If health insurance to individuals was open across all state lines, without restrictions and everyone only obtained health insurance &/or MSA’s as individuals, the prospects for insurers to have huge numbers in single plans would be much higher than all the current employer-by-employer state-by-state segregation of ALL health insurance holders.
However, why should insurers be negotiating “cost of service”? Does your homeowners insurer negotiate with the roofing companies and give you only “in network” and “out of network” options as to who can do your roof repair? No. They tell you how much they will cover and you find the best deal you can among roofing companies you chose. Car insurers don’t pick your auto repair shop, you do. They tell you what they’ll pay and you get the best deal you can.
If health insurance was that way, the consumers not the insurers would be in the drivers seat on what the health care providers were charging. They too would have to accept any insurer and any amount the insurer was going to pay, acknowledging you’d be picking up the difference. There too the consumer would have more negotiating room on their own out-of-pocket because it would not be by prearrangement with the insurer.
The big employers wanted to pay higher wages. The progressive-fascist FDR claimed (an intellectual lie) that letting the big employers raise wages would hurt the smaller employers, but he had an alternative he got the big employers to take - cover the employee insured benefits. The lie? That was no less “bad” for small employers. Just like higher wages it was compensation they could not afford to pay out. The carrot? The carrot was the compensation paid as benefits would not be taxed as part of income taxes. Big employers really got a heads of over the little guy, paying out tax free benefits.
So what did the progressive fascist FDR’s plan have to do with the “little guy”? Zip, zilch, nada.
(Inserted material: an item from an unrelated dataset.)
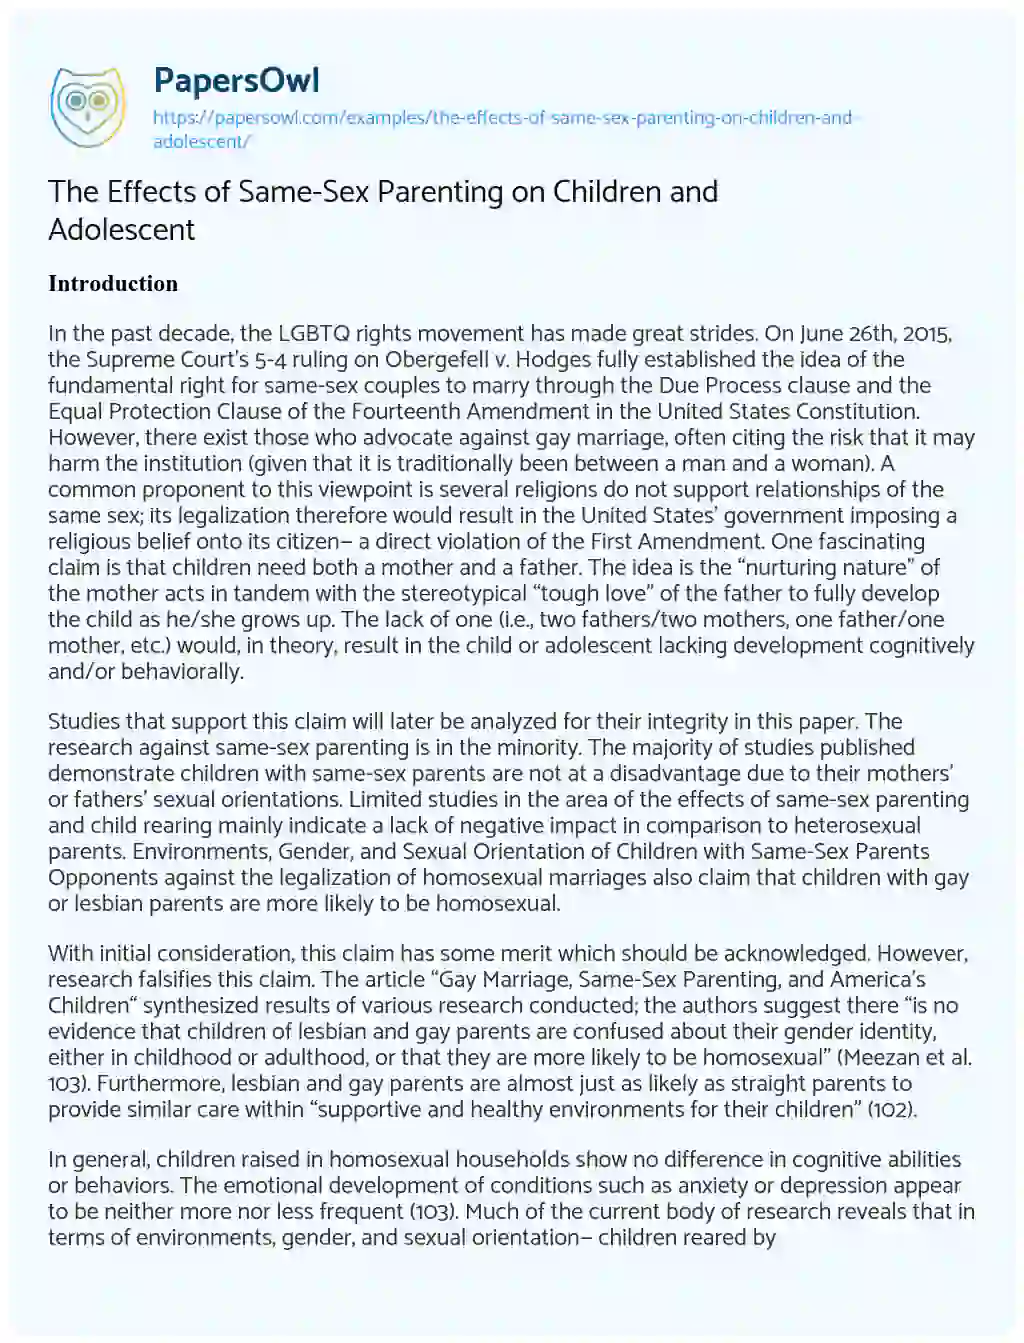 Essay on The Effects of Same-Sex Parenting on Children and Adolescent
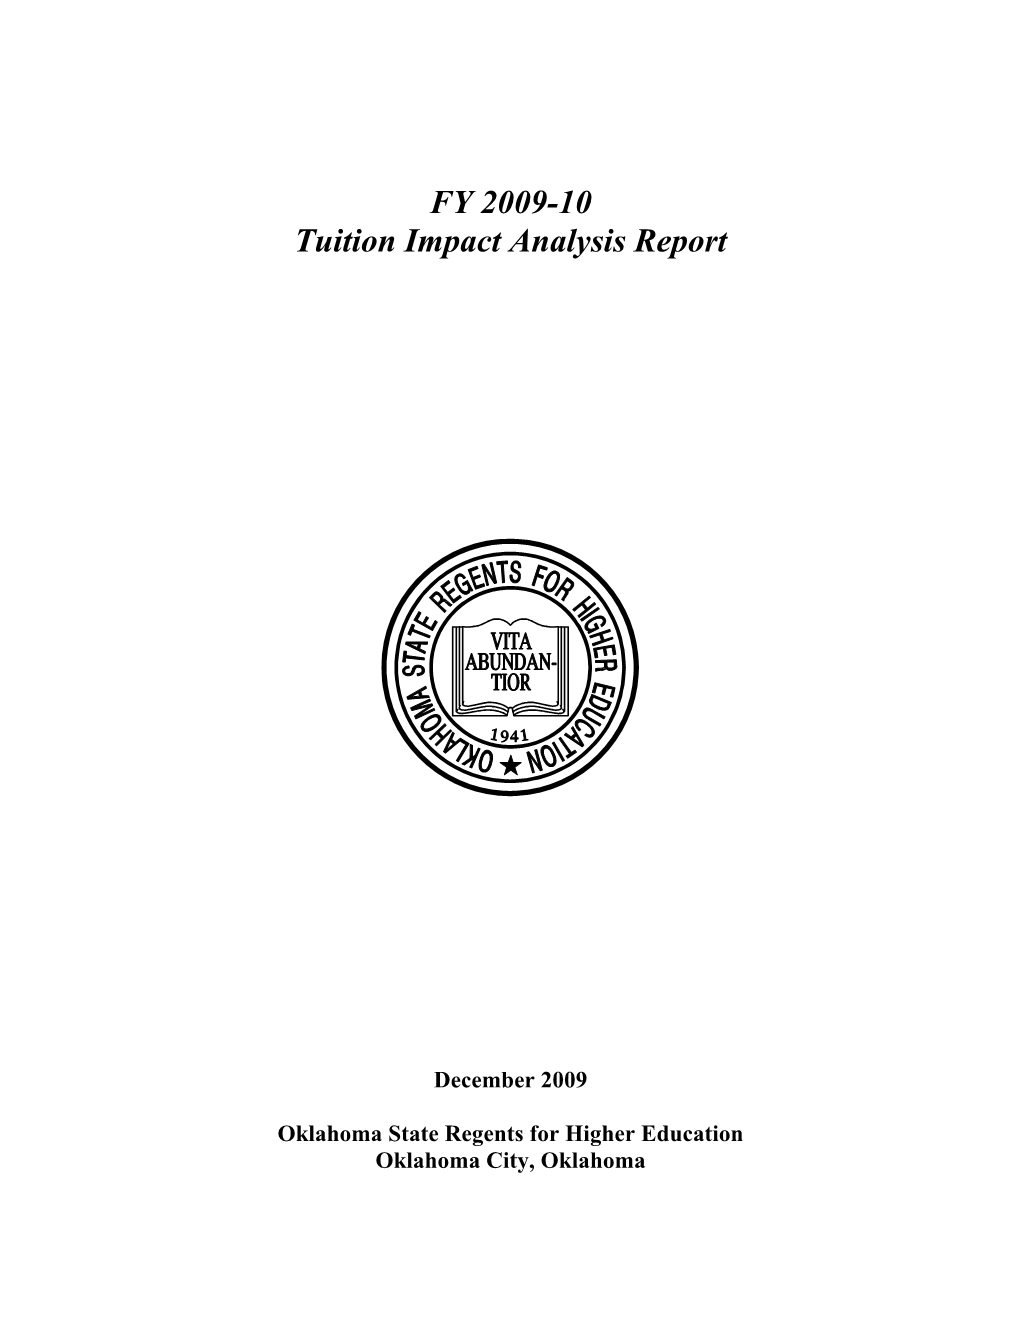 Tuition Impact Analysis Report, FY 2009-10

It was all for the big companies with big unions.
That was how our whole national market place for health insurance got segregated up, segregating the individual out unless he could afford to pay more than any big companies were paying on a per-person basis. Was any of this more insurance instrumental in keeping any rise in medical costs down? No. That was never a goal. Like “free college” is about INSURING the educational industrial complex gets every dime they want “health insurance for all” is about insuring the medical industrial complex gets what it wants. Notice in both of those areas, for decades, their costs have far exceeded the inflation rates in every other sector.
If it is an employer plan now, with an MSA, is not the employer possibly contributing to an MSA? Yes, some employers already do. In most cases I know of an MSA is one of the options on a whole health benefit plan, with some items “insured” and the balance of the premium going into an MSA.
Maybe what you are asking is what is the “tax” difference on after tax money (out of wages paid) an individual could pay into an MSA and “not yet taxed” money an employer could contribute on top of wages to an MSA. I am not sure how present law tries to treat MSAs.
As to the employer’s contributions to a plan, it should not matter that it is a plan the individual chose. 3rd party part-payment arrangements in today’s banking/financial systems is not a problem. Any employer’s payroll system ought to be able to handle it.